No, that's not enough to justify results so overwhelming. We're talking 2/3 of the population even in the most russified and Russophile areas. This requires a desire for self-governance that goes beyond a simple desire for change. Lots of scholarly books on the Ukrainian national identity and why it's separate from the Russian national identity despite the Empire and despite the USSR.
A blatant difference is how Ukrainian society is a lot more horizontal than Russia's, which is absurdly vertical. Lots of local initiatives. That's why the Ukrainian army managed to reform efficiently these past eight years, after two decades of neglect, while the Russian attempts at reform have failed.
The first bomb wasn't a war crime. The second and third were. He was no real threat to anybody. His only limit was adrenaline was keeping him alive. If he was injured, like lost a leg or something, and shooting back in an adrenaline-fueled frenzy, then he would be fair game.
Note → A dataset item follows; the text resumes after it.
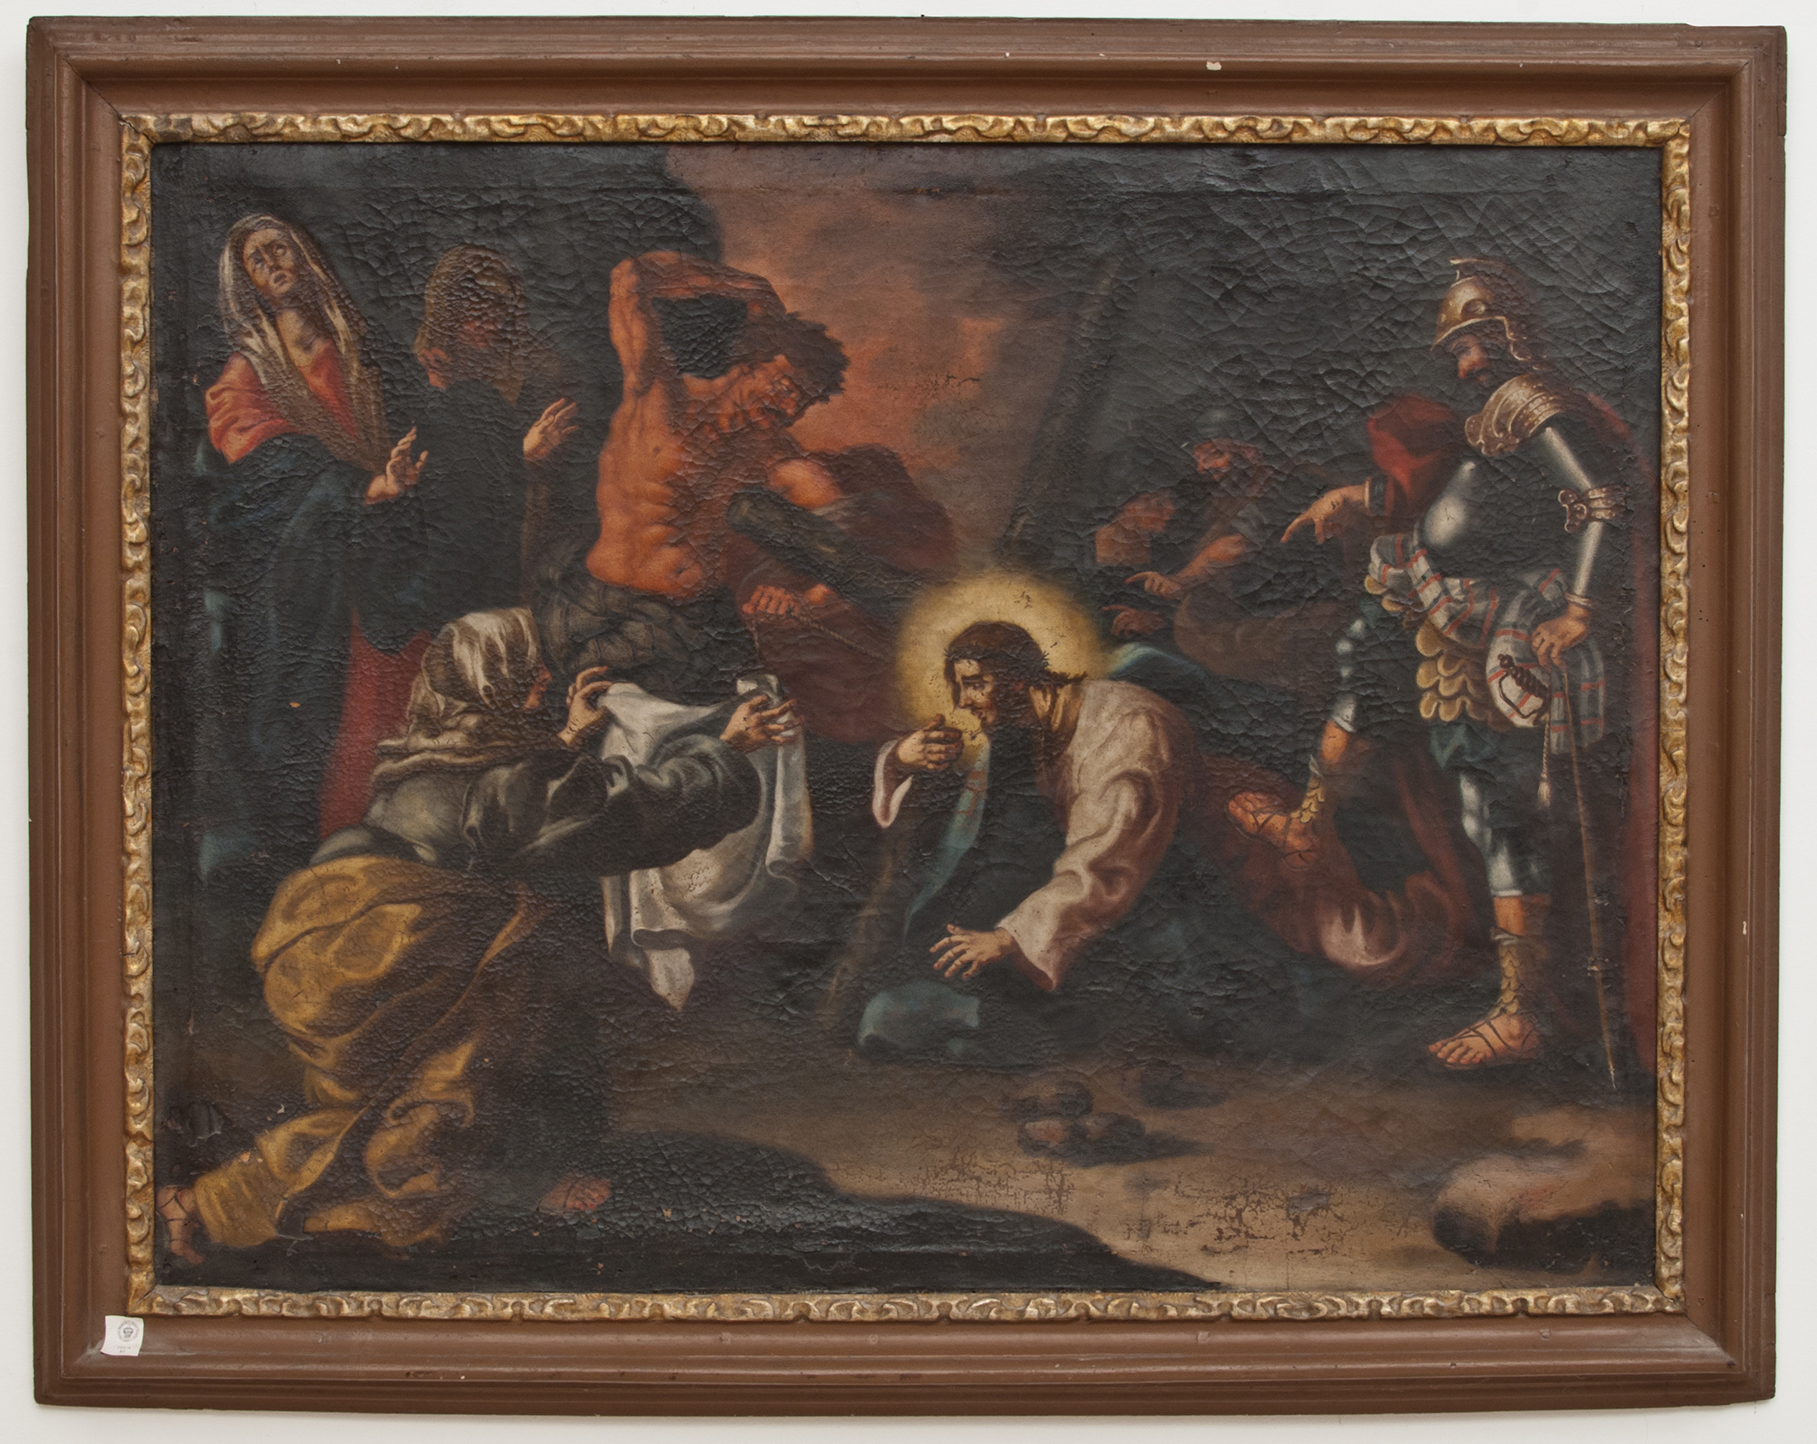 GESU’ ASCIUGATO DALLA VERONICA (dipinto - dipinto su tela, opera isolata) di Ignoto (maniera) - ambito Italia meridionale (XVIII)

He yeeted away the first two bombs, it's only the third that got him. Also he apparently survived anyway, according to Russian sources he was later rescued and evacuated.
I find you have a lot more concern and solicitude for a Russian invader that got away with non-critical wounds than for the thousands of civilians that the Russians have tortured and murdered; something which I remember you argued was no big deal, just war business as usual, not a war crime.
Oh yeah? Ukraine was gonna invade Russia? Get real.
The only threat Ukraine represented to Russia was that of a different model. If the Russian society saw their neighboring Ukraine go from poor and corrupt to prosperous and much-less-corrupt after tying with the West and embracing Western values, it might give them ideas that don't align with the Silovikis' plans for the country.